RC: Because you were there. You're our only witness. You saw nine people die tonight. They were ripped apart, Dr. Kyle.

LK: (inaudible)

RC: Dr. Kyle?

LK: Those eyes. It was like looking into hell. Like falling forever into darkness. Do you believe in hell, Detective?

RC: Whose eyes?

LK: It wasn't human. It couldn't have been human.

RC: Are you still speaking of Mr. Letourneau?

LK: I can't think about this. I have to think about the baby.

RC: What did you see? Tell me what you saw.

LK: I want to go home. I don't want to talk about this anymore. Don't make me.

RC: What killed those people, Dr. Kyle?

(Pause.)

RC: Dr. Kyle, are you all right?

(Pause.)

RC: Dr. Kyle?

(Pause.)

RC: Dr. Kyle?

Chapter 4

Bernard Kittridge, known to the world as "Last Stand in Denver," realized it was time to leave the morning the power went out.

He wondered what had taken so long. You couldn't keep a municipal electrical grid running without people to man it, and as far as Kittridge could tell from the nineteenth floor, not a single human soul was left alive in the city of Denver.

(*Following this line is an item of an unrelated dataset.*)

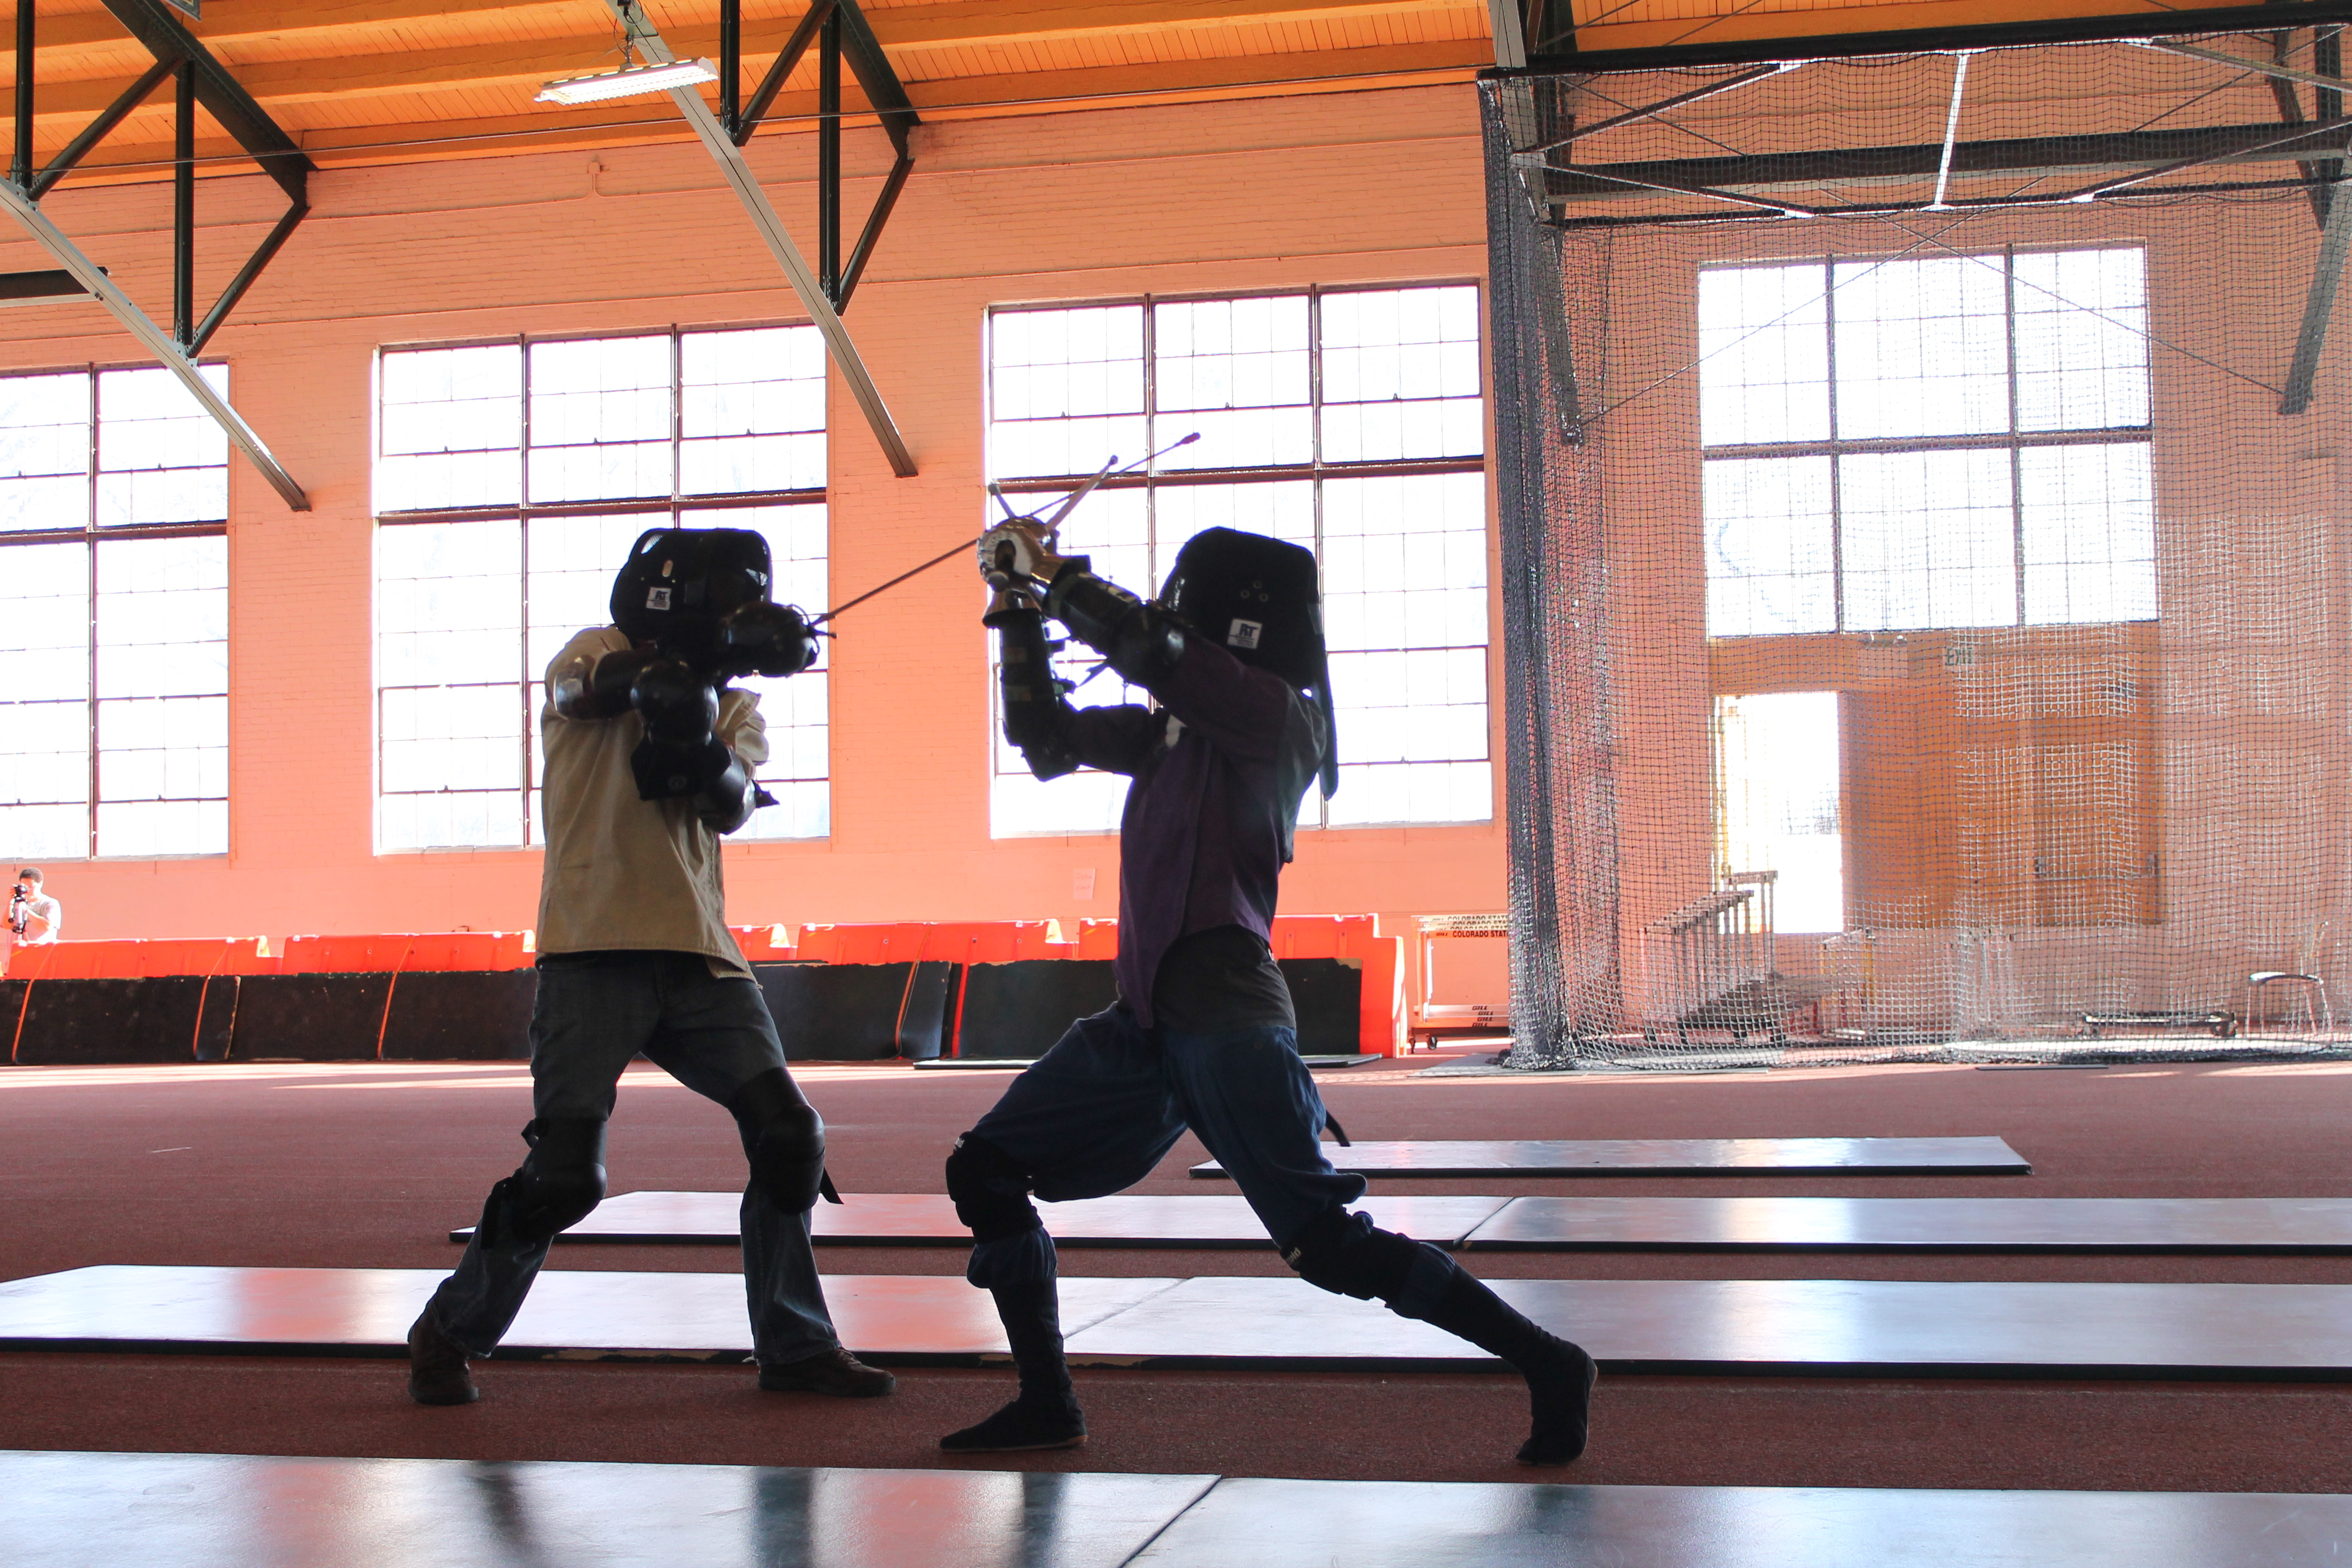 022518_jprice_AC_Medieval Sword Fighting_9 - The Rocky

Which was not to say he was alone.

He had passed the early hours of the morning-a bright, clear morning in the first week of June, temperatures in the mid-seventies with a chance of bloodsucking monsters moving in toward dusk-sunning on the balcony of the penthouse he had occupied since the second week of the crisis. It was a gigantic place, like an airborne palace; the kitchen alone was the size of Kittridge's whole apartment. The owner's taste ran in an austere direction: sleek leather seating groups that were better to look at than sit on, gleaming floors of twinkling travertine, small furry rugs, glass tables that appeared to float in space. Breaking in had been surprisingly simple. By the time Kittridge had made his decision, half the city was dead, or fled, or missing. The cops were long gone. He'd thought about barricading himself into one of the big houses up in Cherry Creek, but based on the things he'd seen, he wanted someplace high.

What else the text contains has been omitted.